Take the line containing "Sleeper Sofa San" and every line after it to the end of the material below; reproduce them exactly, without pictures.

DATA BELOW
>>>>>
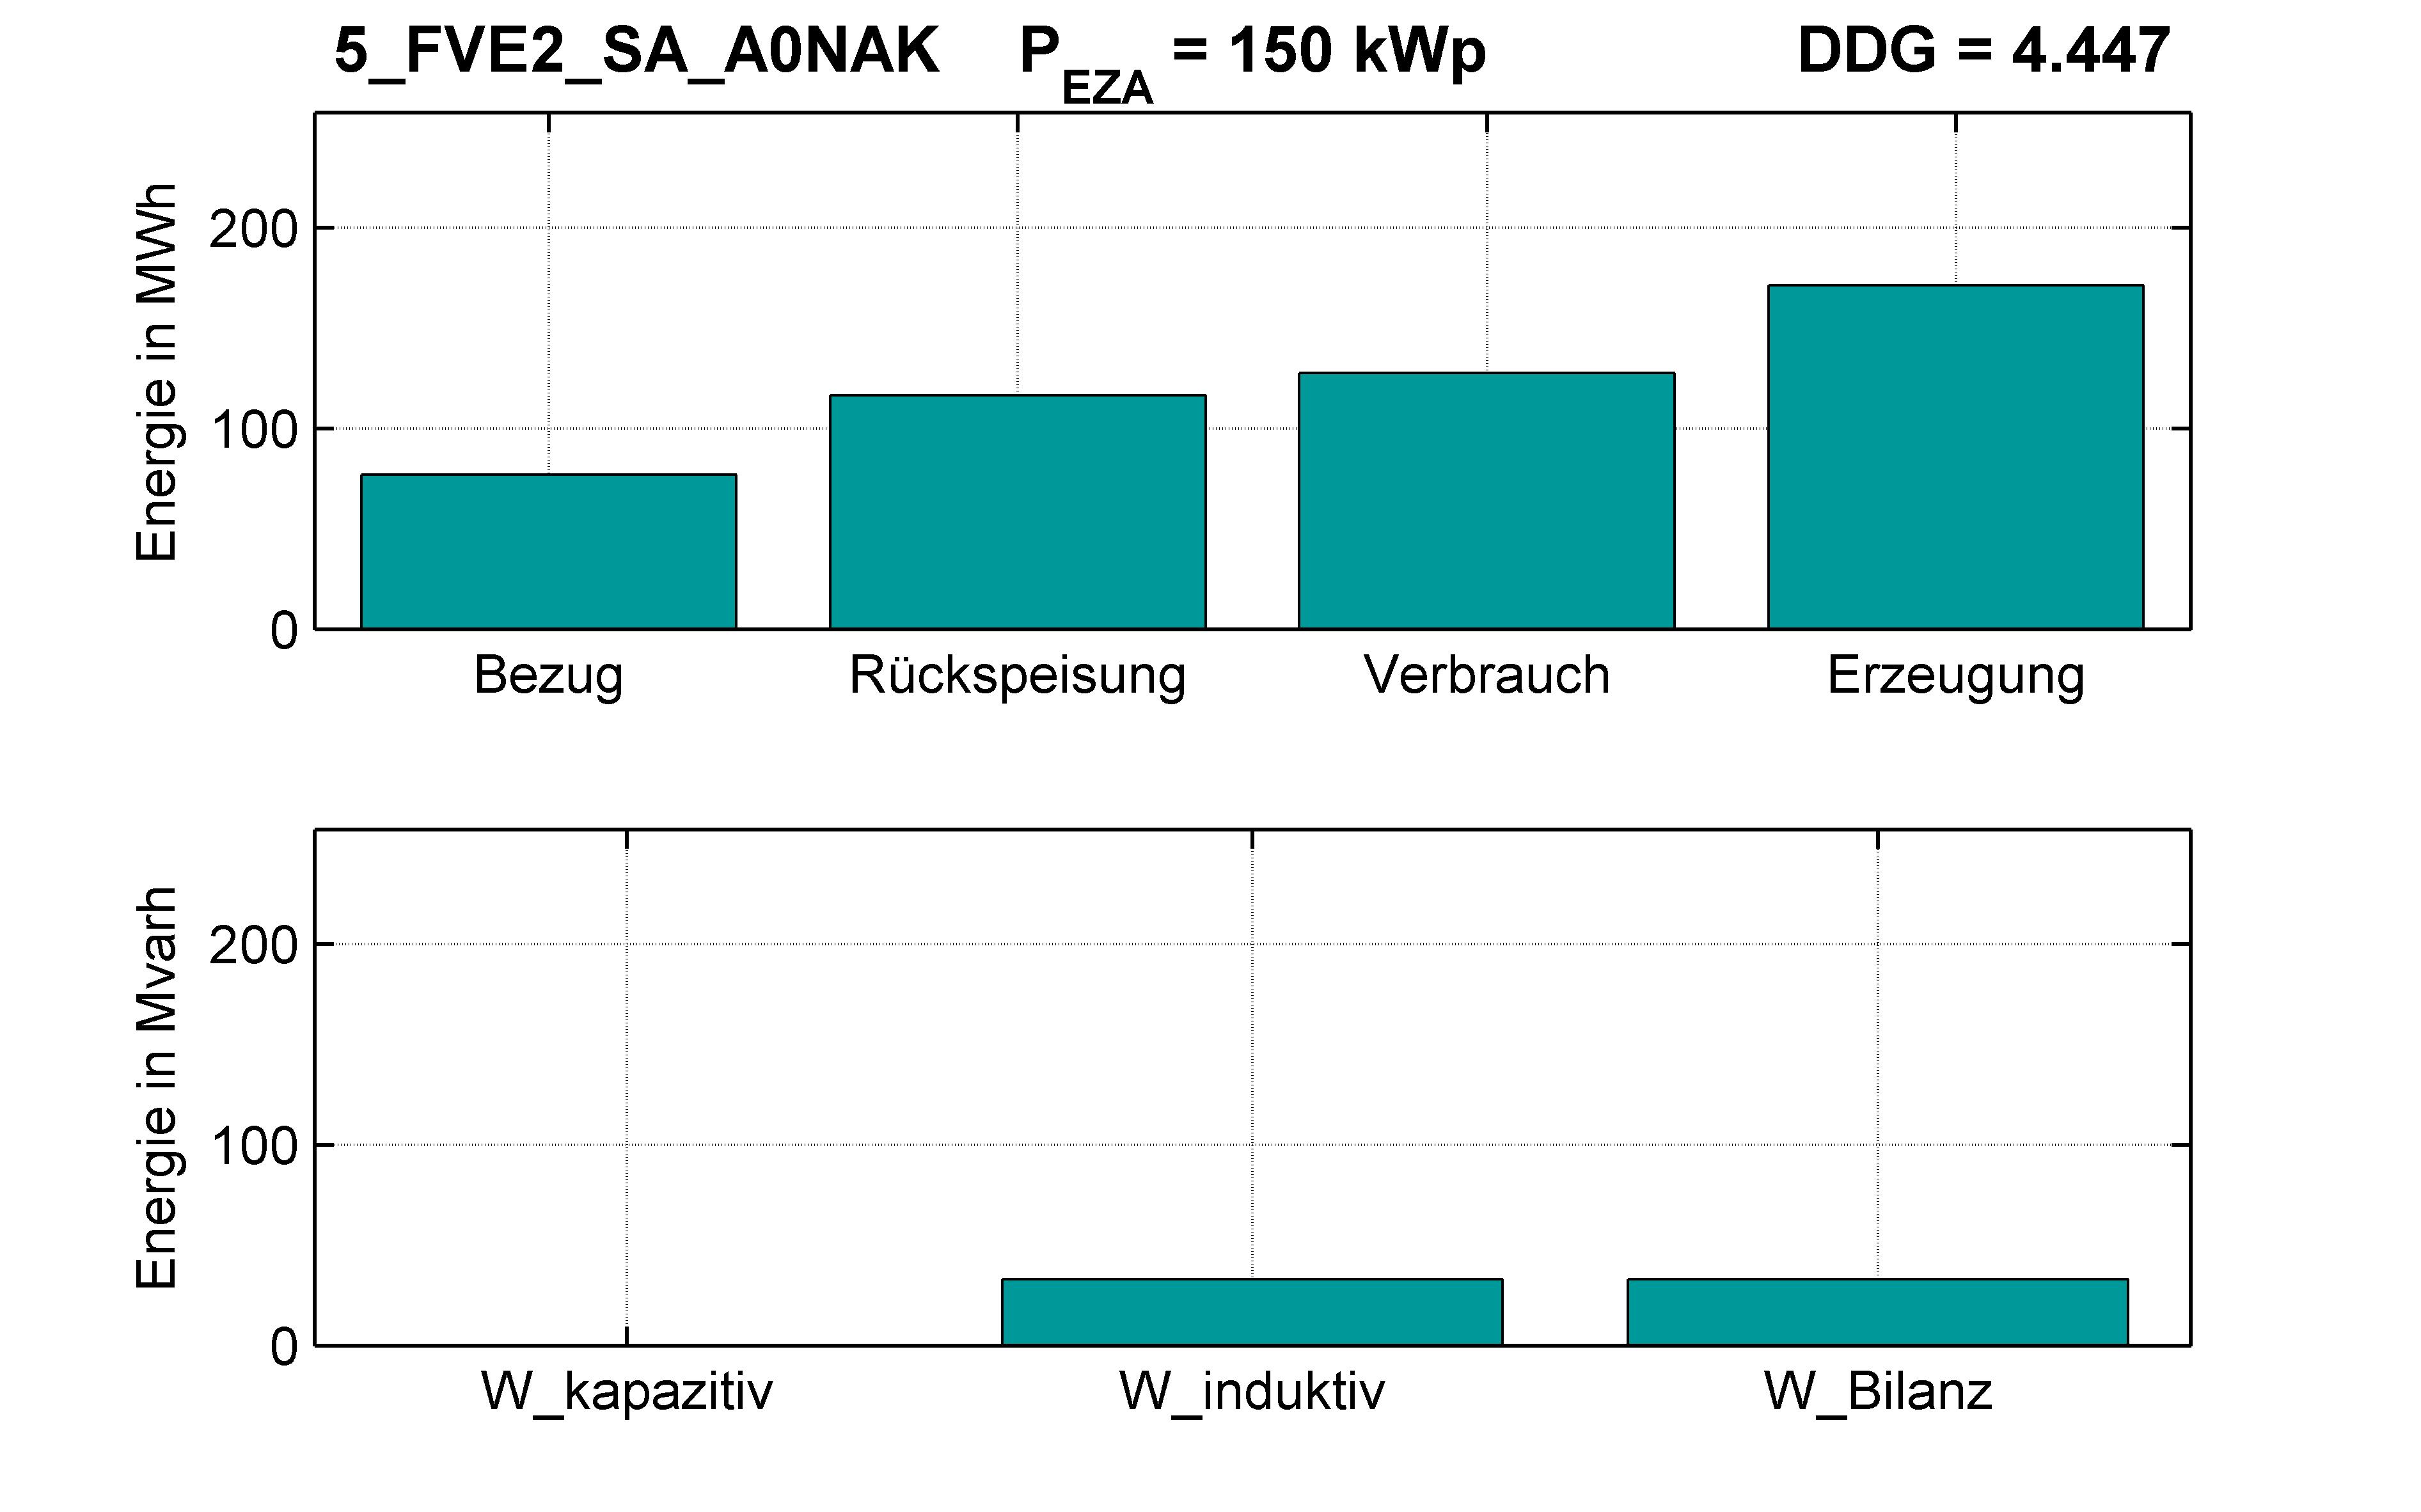 FVE2 | STATION (SA) A0NAK | PQ-Bilanz
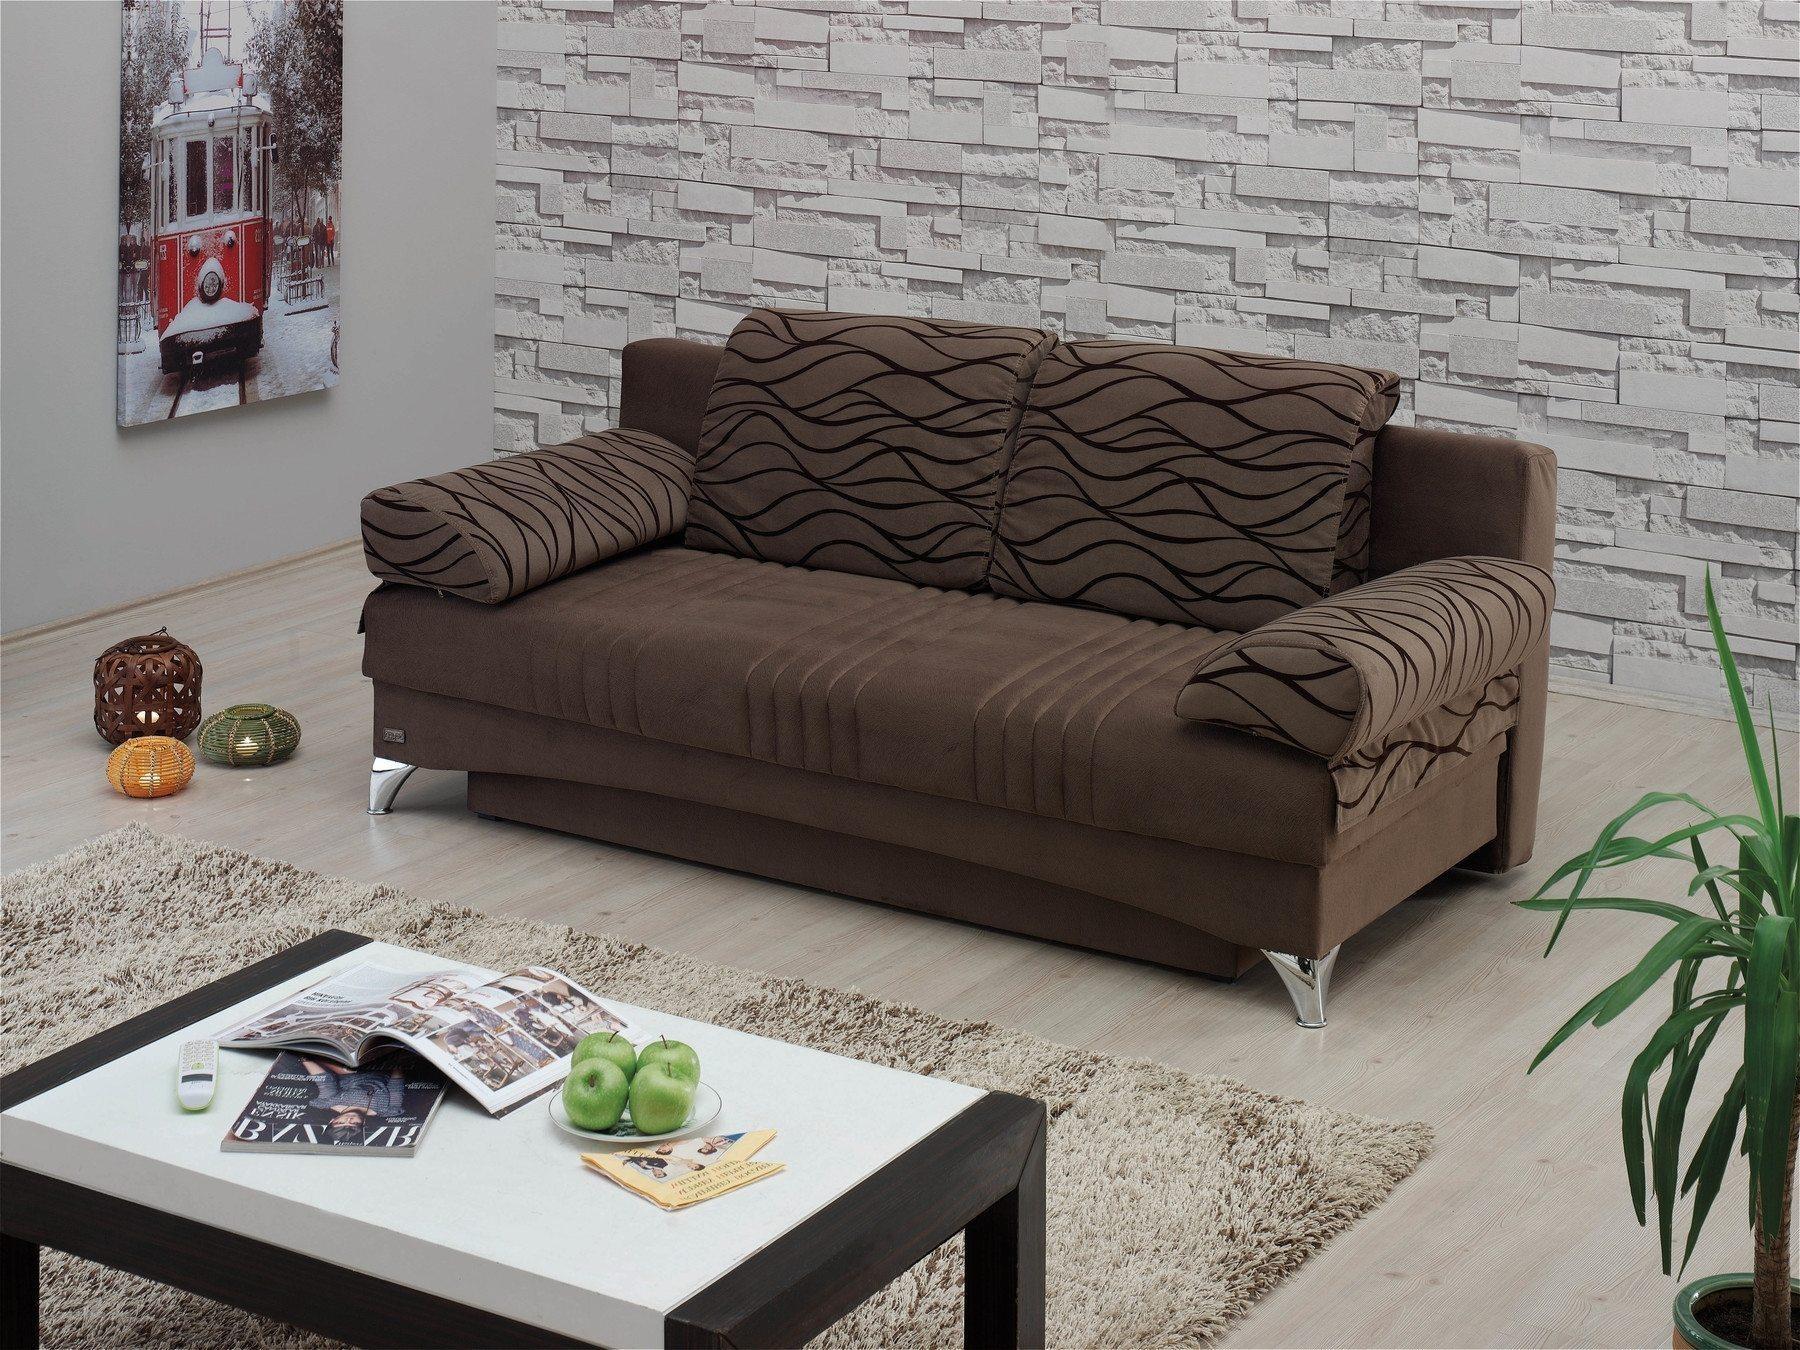 Sleeper Sofa San Diego With Ideas Inspiration 17852 | Kengire Pertaining To Sleeper Sofas San Diego (Image 16 of 20)
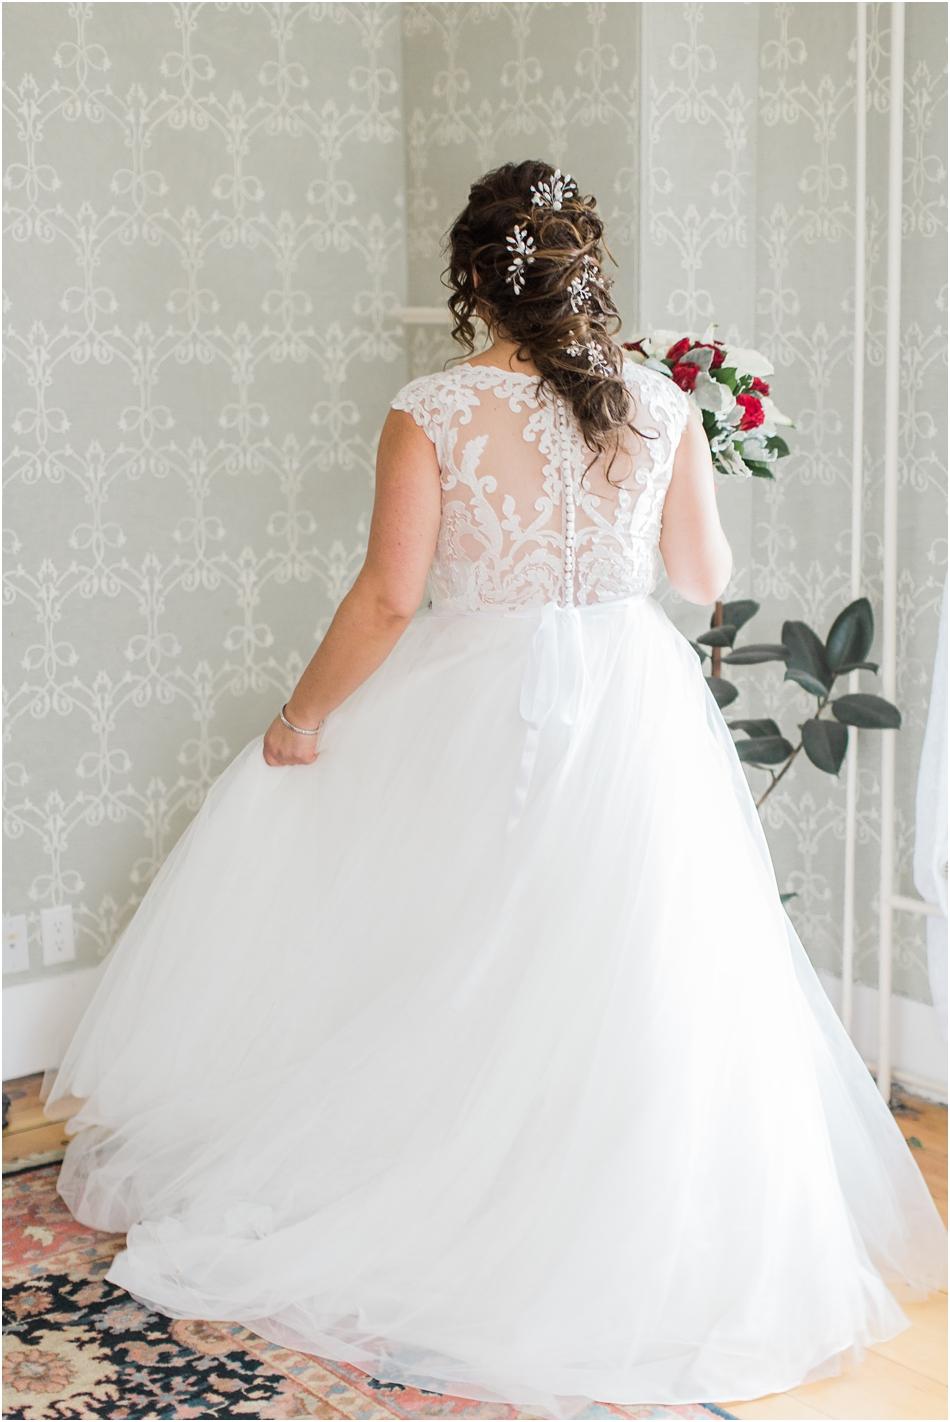 peirce_farm_winter_christmas_jessica_john_cape_cod_boston_new_england_wedding_photographer_Meredith_Jane_Photography_photo_0318.jpg
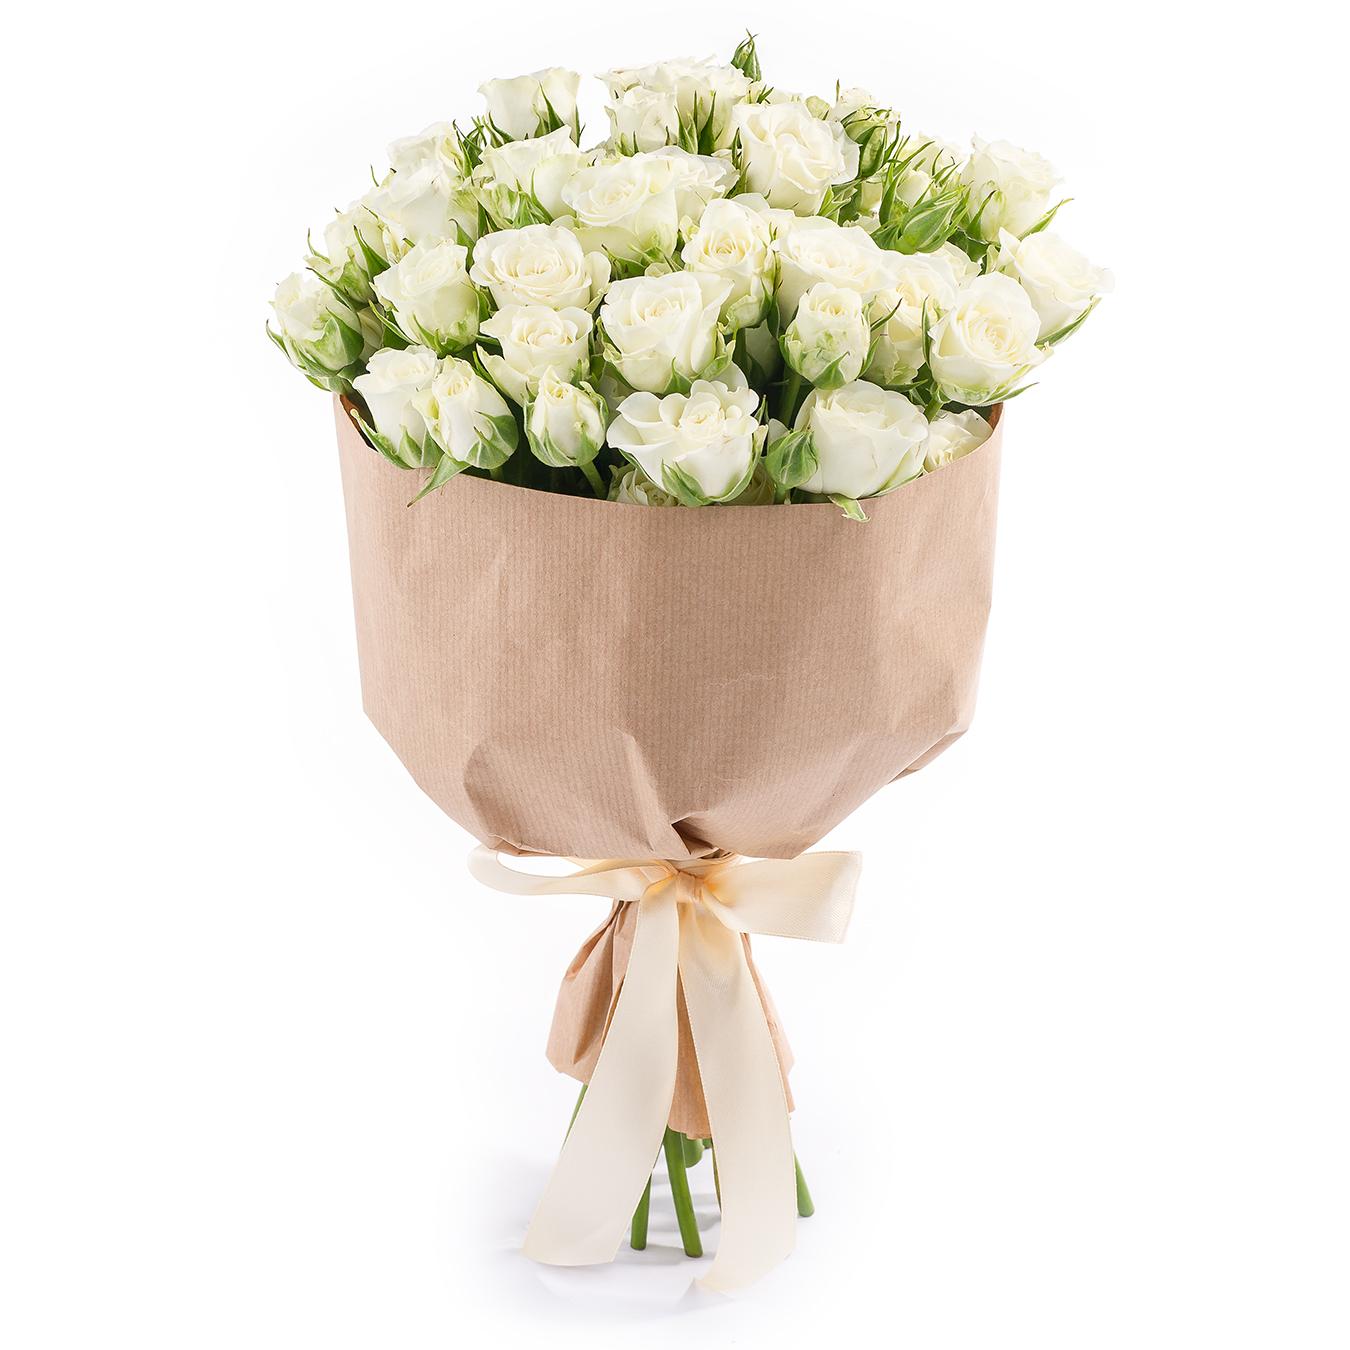 Букет из 11 кустовых роз<br>Ингредиенты: Роза кустовая 11 шт, Салал, Крафт 1 шт;
<<<<<
RESPONSE
 Sleeper Sofa San Diego With Ideas Inspiration 17852 | Kengire Pertaining To Sleeper Sofas San Diego (Image 16 of 20)
 peirce_farm_winter_christmas_jessica_john_cape_cod_boston_new_england_wedding_photographer_Meredith_Jane_Photography_photo_0318.jpg
 Букет из 11 кустовых роз<br>Ингредиенты: Роза кустовая 11 шт, Салал, Крафт 1 шт;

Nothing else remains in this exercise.